Even the recruitment advisor for the School of Public Affairs combined programs was unclear on the interpretation of these regulations and how they might affect potential students.
As someone who transferred many credits from Advanced Placement and community college courses, my free electives are already accounted for, and I cannot graduate with under 122 credits. This is because most did not count for core or major requirements, and many transferred into the University as two courses each, resulting in six credits transferred per AP class.
I had been operating under the assumption I could not do the program until some students and myself contacted the Associate Dean of Education in the SPA for clarity. Here, we were referred to the graduate regulations and were told this credit maximum only applied to sharing via elective courses.
However, after learning this and sending follow up communications, the dean referred us back to undergraduate advising, whose conflicting information prompted us to contact higher administrative advice in the first place.
The credit requirement to graduate with an undergraduate degree alone is 120 — this being the minimum, not the maximum. Offering a measly two-credit leeway, the combined program turns away ambitious students of all kinds for taking on heavy undergraduate course loads or transferring college-level classes from high school.
By the time students are informed of this policy — which is not clearly stated in advertising material — they cannot un-transfer credits and often do not want to drop double majors, minors or other academic programs.
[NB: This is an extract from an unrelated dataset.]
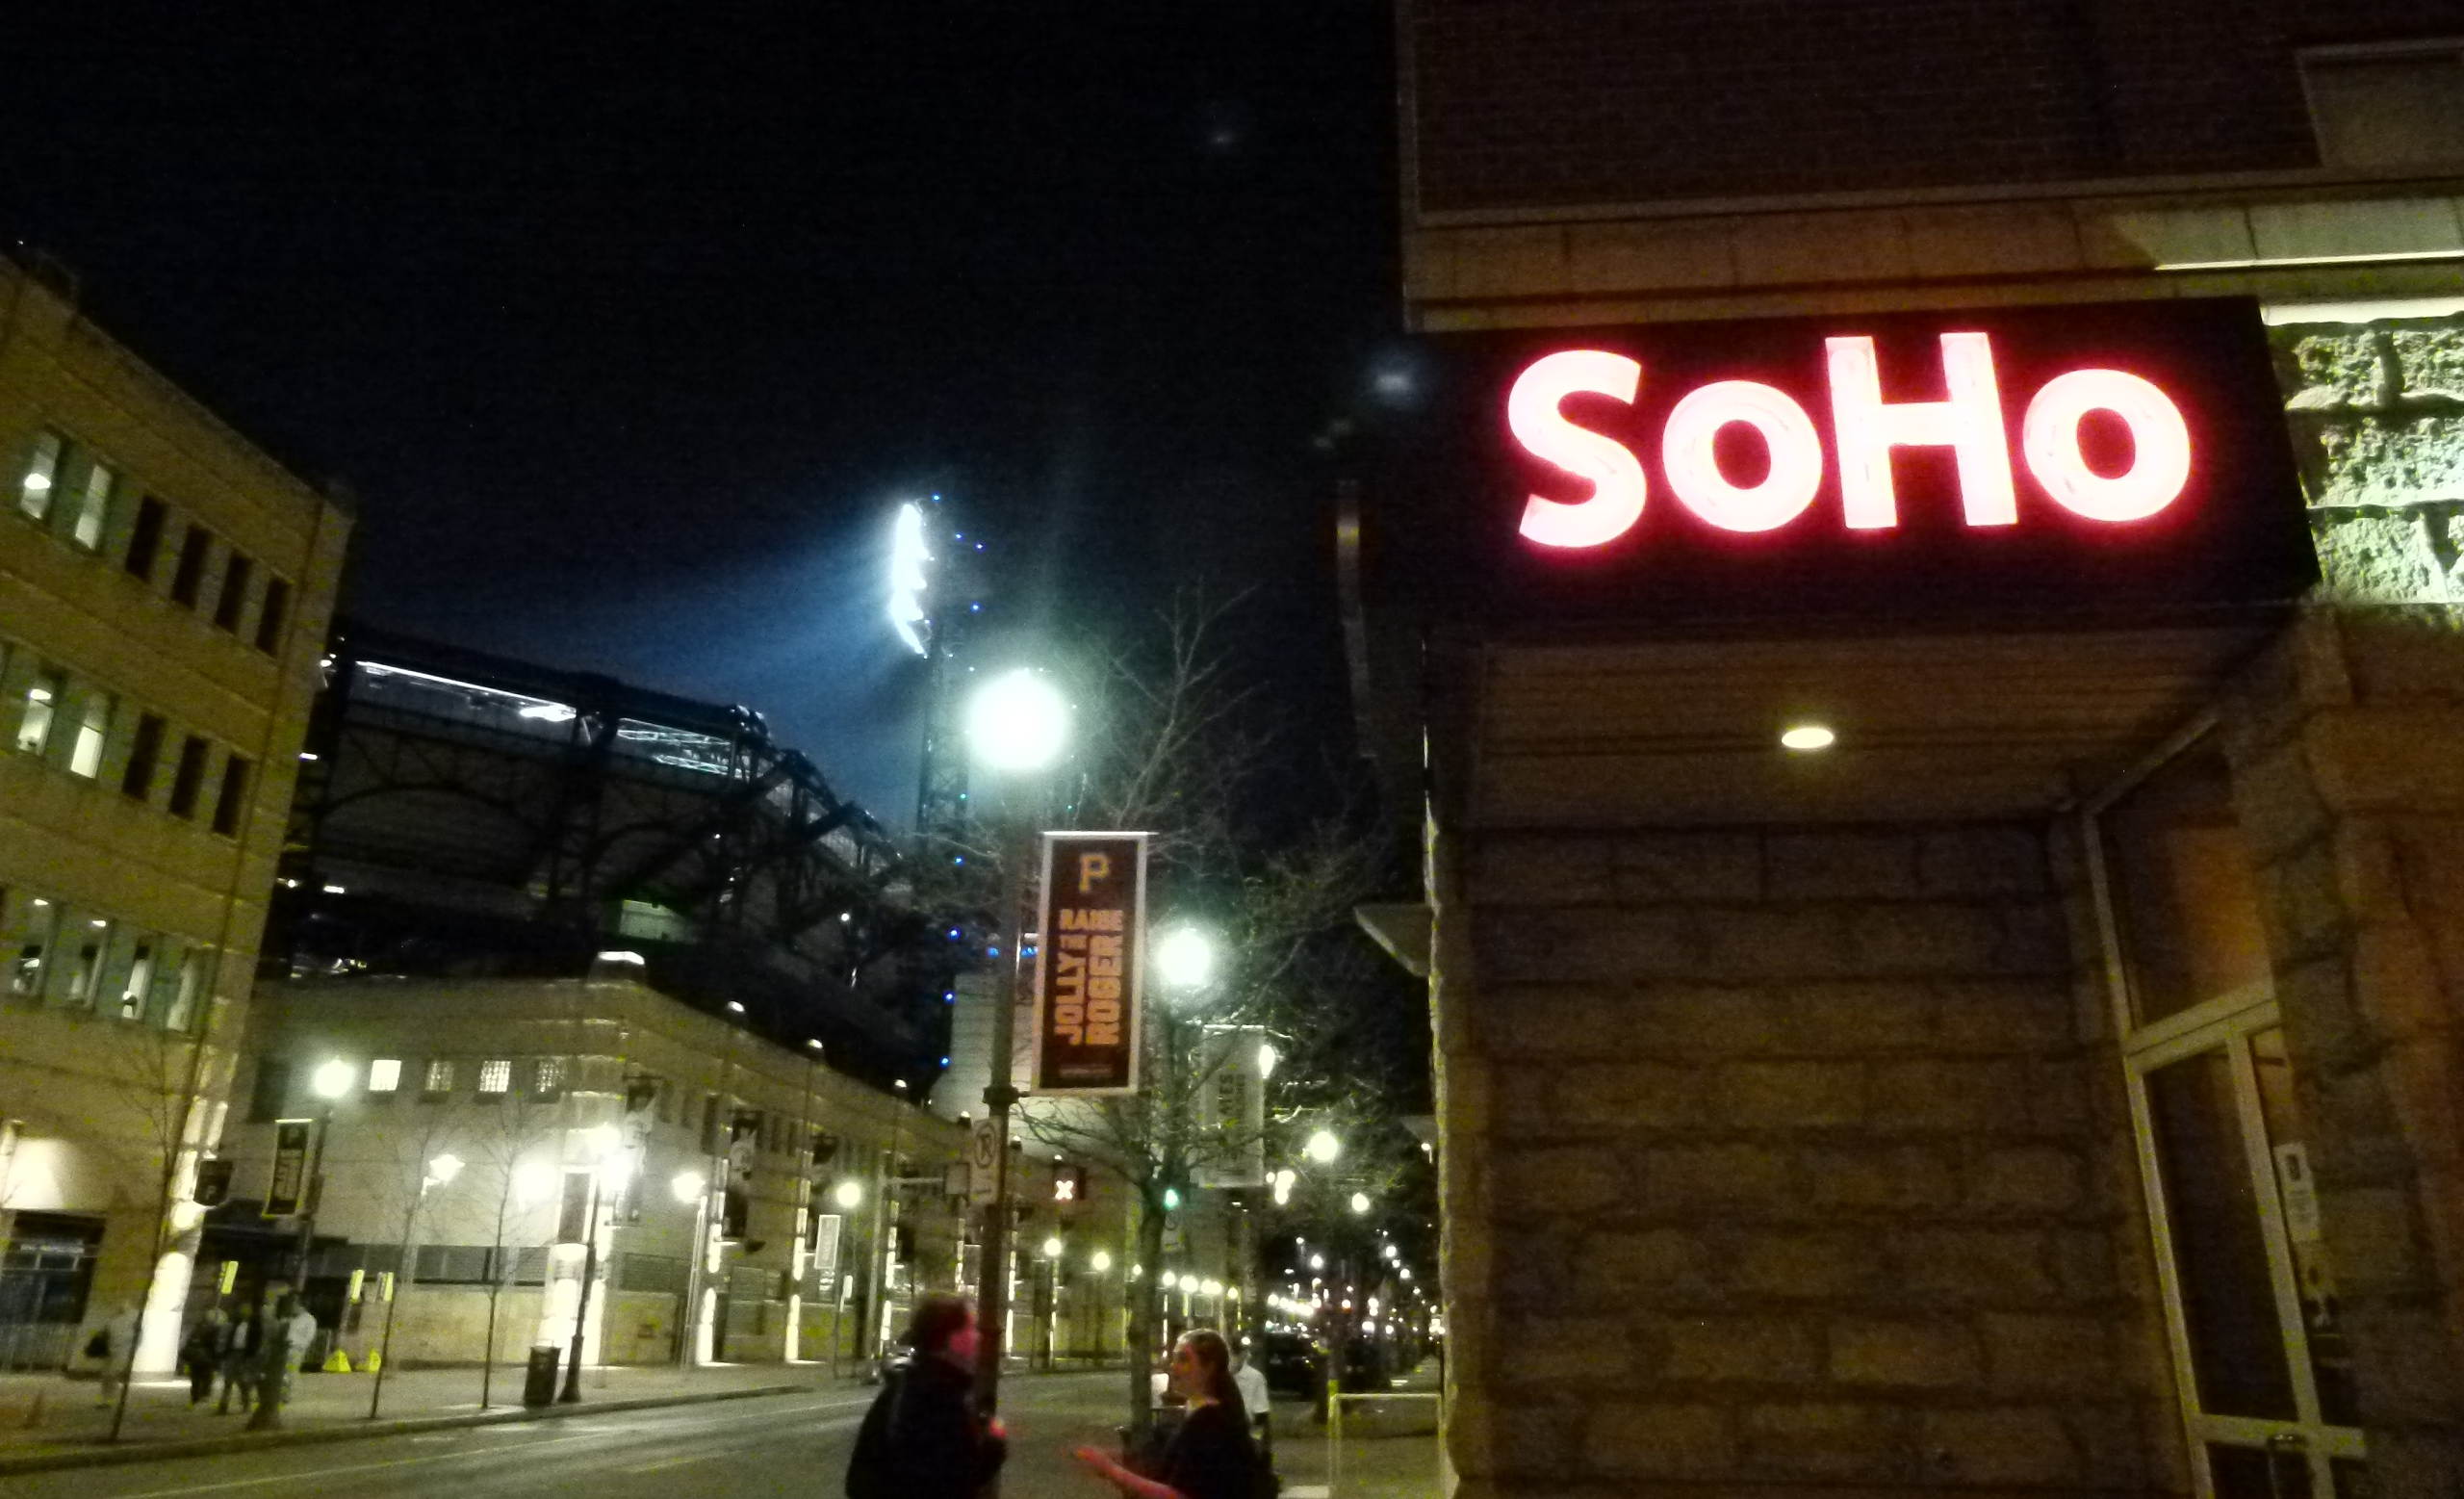 SoHo is just across the street from PNC Park.

It seems ironic that some of the most academically ambitious students at American University are possibly locked out of a program supposedly built for them. The limitations for students graduating with over 122 credits is egregious if true, and unclear if not. The combined programs at AU need to reevaluate their rules and consider why this policy and communication around it is harmful to many prospective students.
Jelinda Montes is a sophomore in the School of Public Affairs and School of Communication and a columnist for The Eagle.